:: Material shown

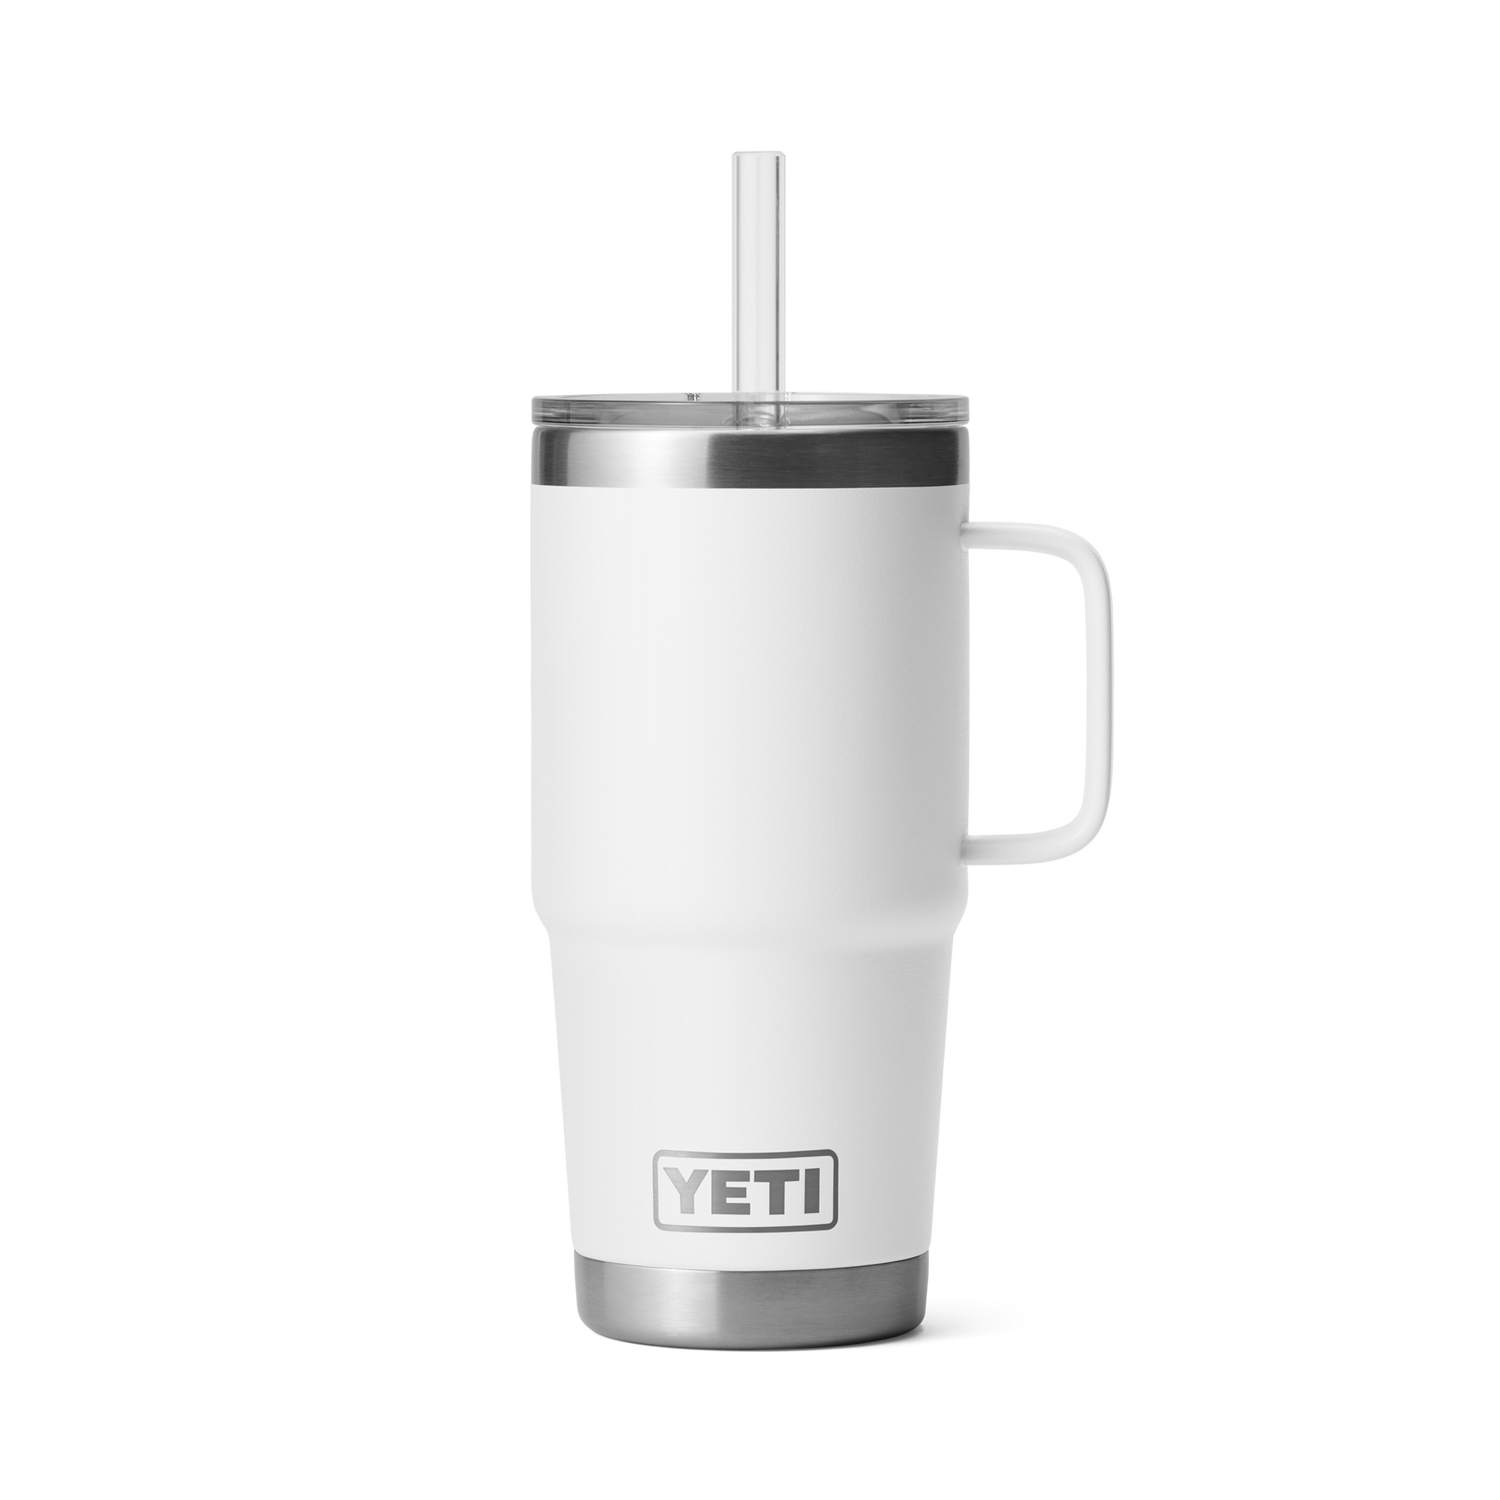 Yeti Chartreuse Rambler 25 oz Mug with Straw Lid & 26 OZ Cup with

::::
:: Material shown

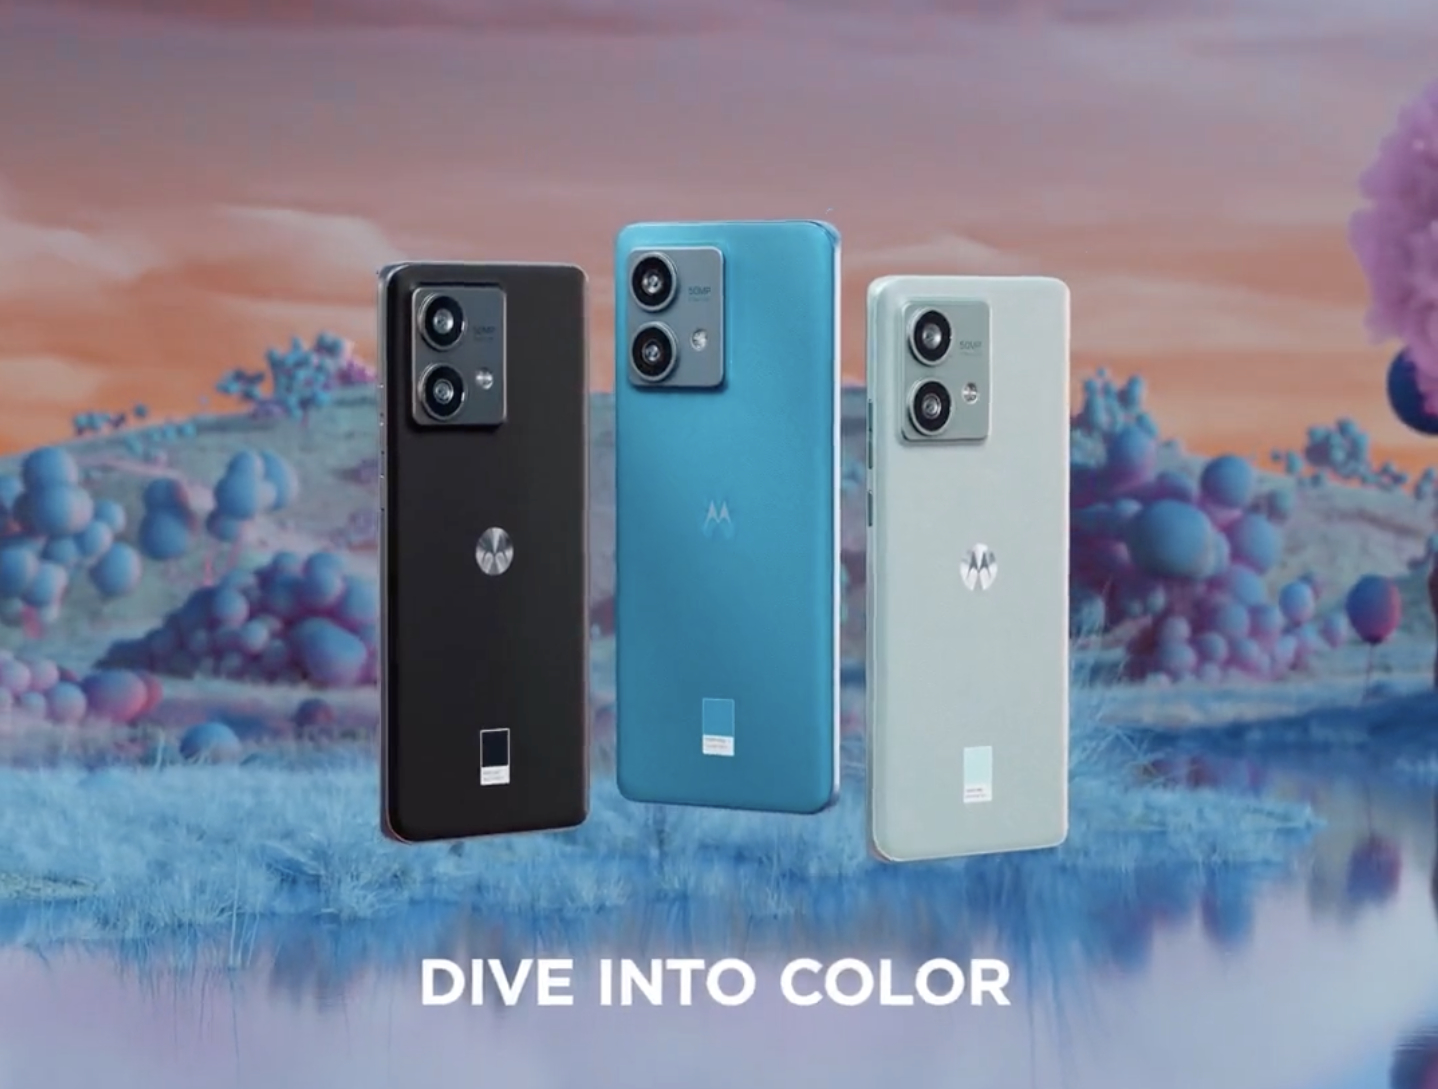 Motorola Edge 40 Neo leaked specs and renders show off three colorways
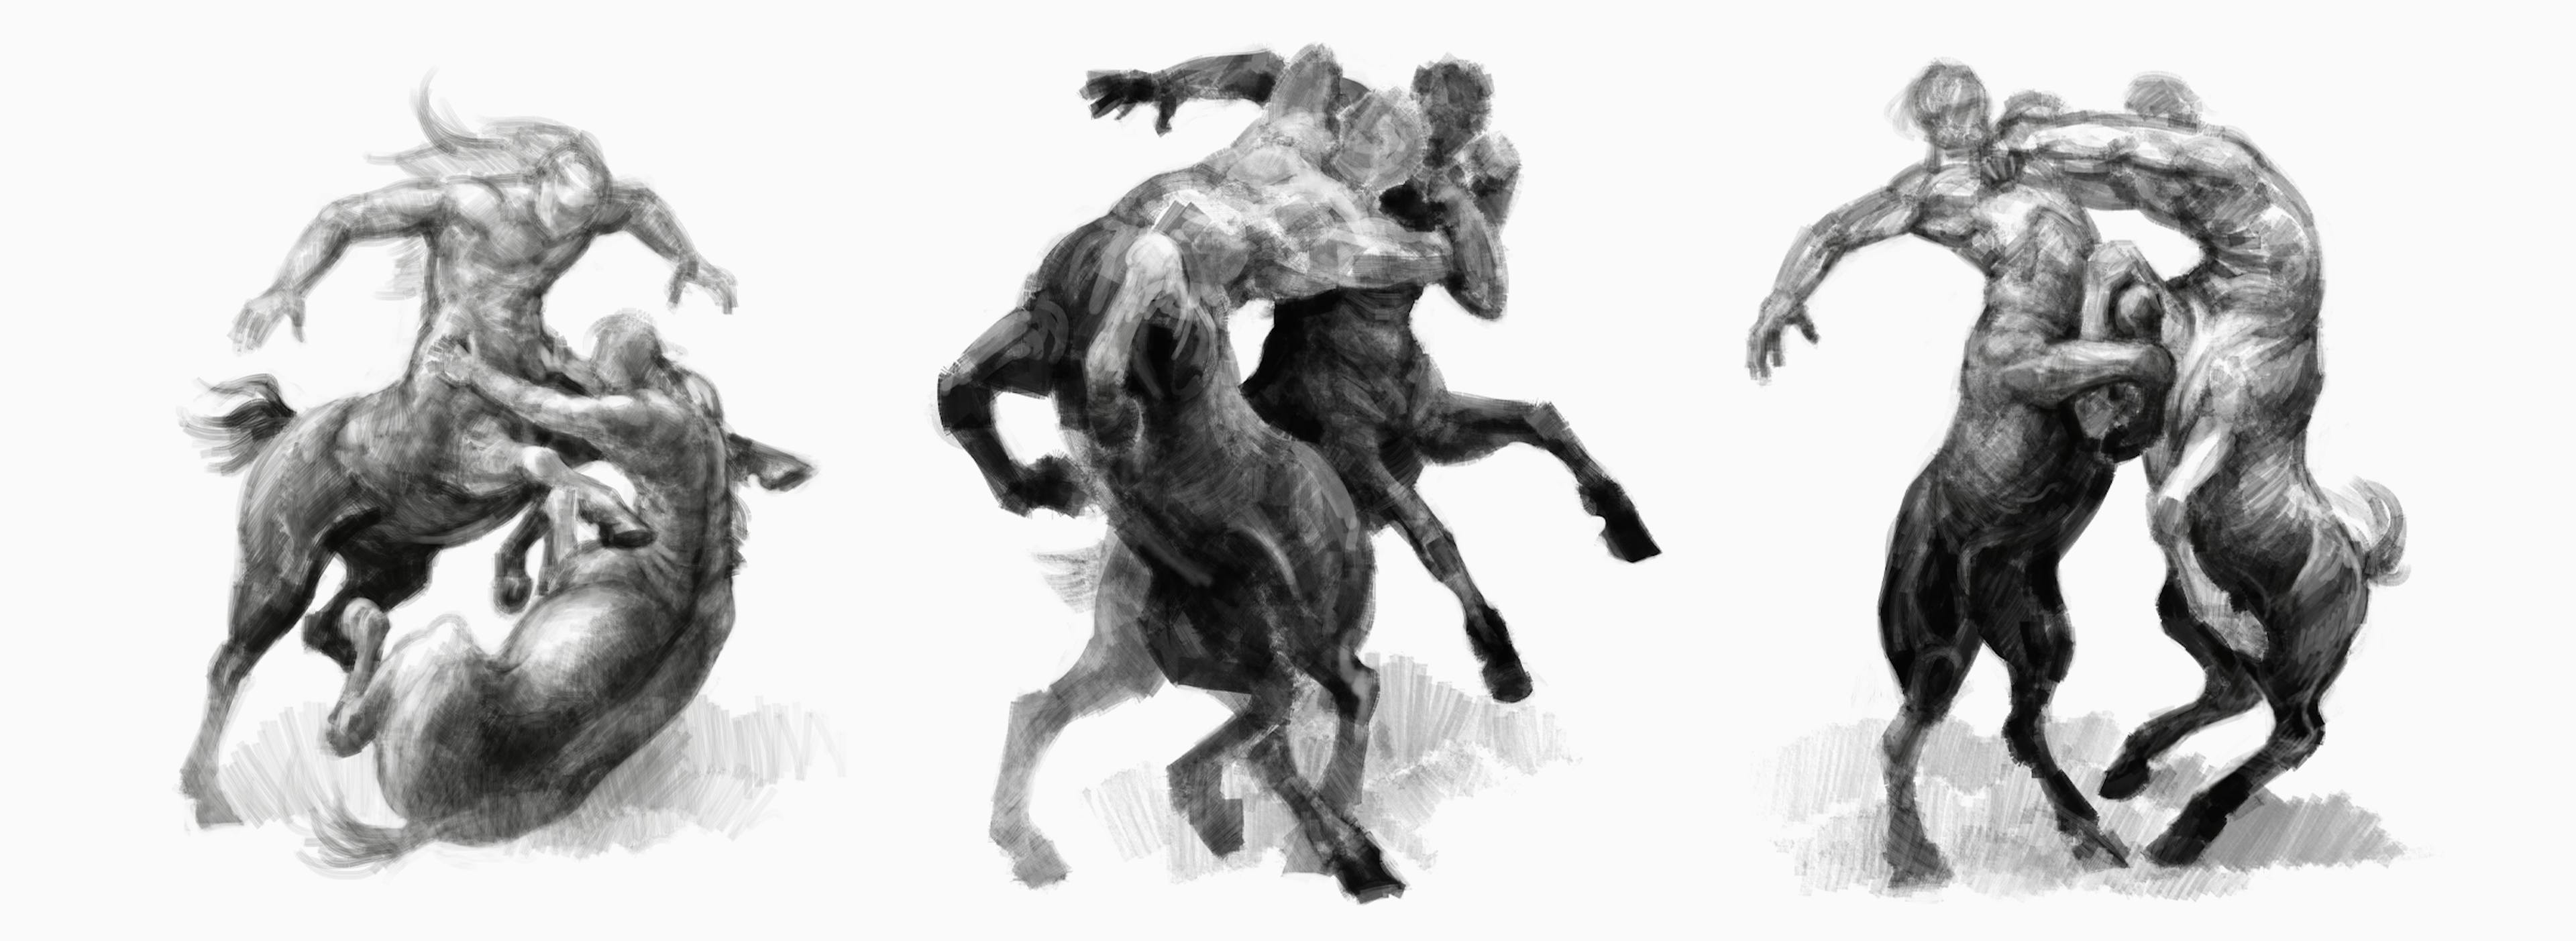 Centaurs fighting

::::

## Exercise details
Copy exactly the material above from the line with "Motorola Edge 40" to the line with "Centaurs fighting", ends included, and nothing else. Leave out any picture.

## Answer to this problem
 Motorola Edge 40 Neo leaked specs and renders show off three colorways
 Centaurs fighting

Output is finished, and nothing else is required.